> _EXTRACTED INFORMATION_
**********
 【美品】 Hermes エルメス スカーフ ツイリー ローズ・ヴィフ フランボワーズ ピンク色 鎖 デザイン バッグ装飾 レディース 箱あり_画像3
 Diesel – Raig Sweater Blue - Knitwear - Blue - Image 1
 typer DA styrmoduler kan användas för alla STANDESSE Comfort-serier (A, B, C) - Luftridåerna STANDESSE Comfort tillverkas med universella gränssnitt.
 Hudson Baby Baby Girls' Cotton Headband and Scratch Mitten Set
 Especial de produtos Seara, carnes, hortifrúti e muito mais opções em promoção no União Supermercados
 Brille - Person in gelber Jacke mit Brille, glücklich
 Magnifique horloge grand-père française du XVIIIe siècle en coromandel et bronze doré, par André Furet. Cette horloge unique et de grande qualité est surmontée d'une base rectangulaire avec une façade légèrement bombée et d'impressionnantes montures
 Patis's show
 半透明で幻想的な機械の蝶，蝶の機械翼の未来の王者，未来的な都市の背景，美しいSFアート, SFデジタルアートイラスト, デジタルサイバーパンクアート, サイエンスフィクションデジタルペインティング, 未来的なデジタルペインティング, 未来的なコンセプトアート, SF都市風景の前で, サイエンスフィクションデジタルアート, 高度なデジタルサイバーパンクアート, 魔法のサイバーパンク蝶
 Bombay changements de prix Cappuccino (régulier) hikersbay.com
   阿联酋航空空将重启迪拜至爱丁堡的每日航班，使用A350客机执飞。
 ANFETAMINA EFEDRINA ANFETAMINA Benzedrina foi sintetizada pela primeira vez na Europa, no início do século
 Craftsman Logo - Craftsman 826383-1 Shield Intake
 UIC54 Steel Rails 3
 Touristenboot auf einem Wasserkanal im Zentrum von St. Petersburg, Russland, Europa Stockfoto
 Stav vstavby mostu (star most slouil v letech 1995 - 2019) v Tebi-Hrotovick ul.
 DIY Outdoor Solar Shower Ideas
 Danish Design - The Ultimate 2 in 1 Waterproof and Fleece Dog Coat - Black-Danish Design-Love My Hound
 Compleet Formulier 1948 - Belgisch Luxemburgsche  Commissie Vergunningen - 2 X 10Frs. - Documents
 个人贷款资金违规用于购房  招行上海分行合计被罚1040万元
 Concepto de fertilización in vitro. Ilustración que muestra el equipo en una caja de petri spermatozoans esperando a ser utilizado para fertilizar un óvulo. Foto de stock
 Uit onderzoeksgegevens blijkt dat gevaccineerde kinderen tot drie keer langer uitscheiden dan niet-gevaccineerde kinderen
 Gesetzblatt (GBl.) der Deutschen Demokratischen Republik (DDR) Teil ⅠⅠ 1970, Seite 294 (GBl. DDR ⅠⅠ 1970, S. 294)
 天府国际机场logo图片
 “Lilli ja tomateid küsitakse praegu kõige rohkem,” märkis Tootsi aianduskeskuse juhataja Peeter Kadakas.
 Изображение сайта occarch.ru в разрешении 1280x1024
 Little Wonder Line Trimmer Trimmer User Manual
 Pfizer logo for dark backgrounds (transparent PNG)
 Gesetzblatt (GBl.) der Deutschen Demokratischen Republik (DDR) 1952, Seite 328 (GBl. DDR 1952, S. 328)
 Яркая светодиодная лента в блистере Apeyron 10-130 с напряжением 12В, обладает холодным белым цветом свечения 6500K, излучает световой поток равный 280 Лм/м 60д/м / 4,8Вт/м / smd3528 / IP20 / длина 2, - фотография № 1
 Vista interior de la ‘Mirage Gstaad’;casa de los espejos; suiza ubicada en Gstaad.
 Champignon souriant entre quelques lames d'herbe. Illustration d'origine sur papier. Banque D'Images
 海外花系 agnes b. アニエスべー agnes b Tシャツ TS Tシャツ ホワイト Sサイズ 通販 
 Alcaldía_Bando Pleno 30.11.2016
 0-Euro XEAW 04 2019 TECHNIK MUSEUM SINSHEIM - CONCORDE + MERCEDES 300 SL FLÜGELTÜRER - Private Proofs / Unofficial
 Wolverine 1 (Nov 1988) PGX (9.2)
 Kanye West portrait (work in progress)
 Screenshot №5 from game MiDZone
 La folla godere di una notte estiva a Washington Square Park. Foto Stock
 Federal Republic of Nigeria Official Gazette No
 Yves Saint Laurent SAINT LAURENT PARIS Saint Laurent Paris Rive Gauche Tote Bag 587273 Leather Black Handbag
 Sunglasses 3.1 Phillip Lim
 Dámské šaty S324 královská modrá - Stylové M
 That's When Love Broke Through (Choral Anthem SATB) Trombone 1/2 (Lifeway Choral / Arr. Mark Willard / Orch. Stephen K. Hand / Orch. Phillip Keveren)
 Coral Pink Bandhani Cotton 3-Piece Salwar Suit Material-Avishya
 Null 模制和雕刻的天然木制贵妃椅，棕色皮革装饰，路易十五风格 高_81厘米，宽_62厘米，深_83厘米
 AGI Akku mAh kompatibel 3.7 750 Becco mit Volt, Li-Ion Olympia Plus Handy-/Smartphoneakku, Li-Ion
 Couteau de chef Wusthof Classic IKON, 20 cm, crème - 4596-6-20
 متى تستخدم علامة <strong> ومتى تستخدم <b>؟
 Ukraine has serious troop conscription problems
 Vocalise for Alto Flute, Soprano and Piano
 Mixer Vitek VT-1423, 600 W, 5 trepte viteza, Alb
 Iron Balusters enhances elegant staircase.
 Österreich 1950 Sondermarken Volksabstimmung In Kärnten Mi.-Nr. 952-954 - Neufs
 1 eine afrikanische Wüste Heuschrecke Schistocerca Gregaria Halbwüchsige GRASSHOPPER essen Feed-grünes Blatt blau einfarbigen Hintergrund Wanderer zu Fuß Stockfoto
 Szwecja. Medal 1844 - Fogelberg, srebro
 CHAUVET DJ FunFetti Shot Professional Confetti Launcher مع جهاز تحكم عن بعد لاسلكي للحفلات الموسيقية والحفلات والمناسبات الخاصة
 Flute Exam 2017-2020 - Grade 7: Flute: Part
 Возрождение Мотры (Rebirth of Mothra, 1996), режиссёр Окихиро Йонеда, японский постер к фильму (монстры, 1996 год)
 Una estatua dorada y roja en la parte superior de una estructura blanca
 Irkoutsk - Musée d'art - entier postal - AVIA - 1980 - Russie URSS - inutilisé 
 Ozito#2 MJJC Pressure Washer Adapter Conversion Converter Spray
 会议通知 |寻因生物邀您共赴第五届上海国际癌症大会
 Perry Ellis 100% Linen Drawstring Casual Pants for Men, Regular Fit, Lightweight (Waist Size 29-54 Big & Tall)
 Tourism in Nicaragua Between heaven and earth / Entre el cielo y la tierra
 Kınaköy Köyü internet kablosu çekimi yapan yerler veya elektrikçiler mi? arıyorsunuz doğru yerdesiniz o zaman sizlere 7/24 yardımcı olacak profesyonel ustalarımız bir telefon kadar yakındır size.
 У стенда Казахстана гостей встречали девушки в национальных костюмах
**********
Some lines above hold the word "Demokratischen". Copy all of them.

> _RESPONSE TO THE TASK_
 Gesetzblatt (GBl.) der Deutschen Demokratischen Republik (DDR) Teil ⅠⅠ 1970, Seite 294 (GBl. DDR ⅠⅠ 1970, S. 294)
 Gesetzblatt (GBl.) der Deutschen Demokratischen Republik (DDR) 1952, Seite 328 (GBl. DDR 1952, S. 328)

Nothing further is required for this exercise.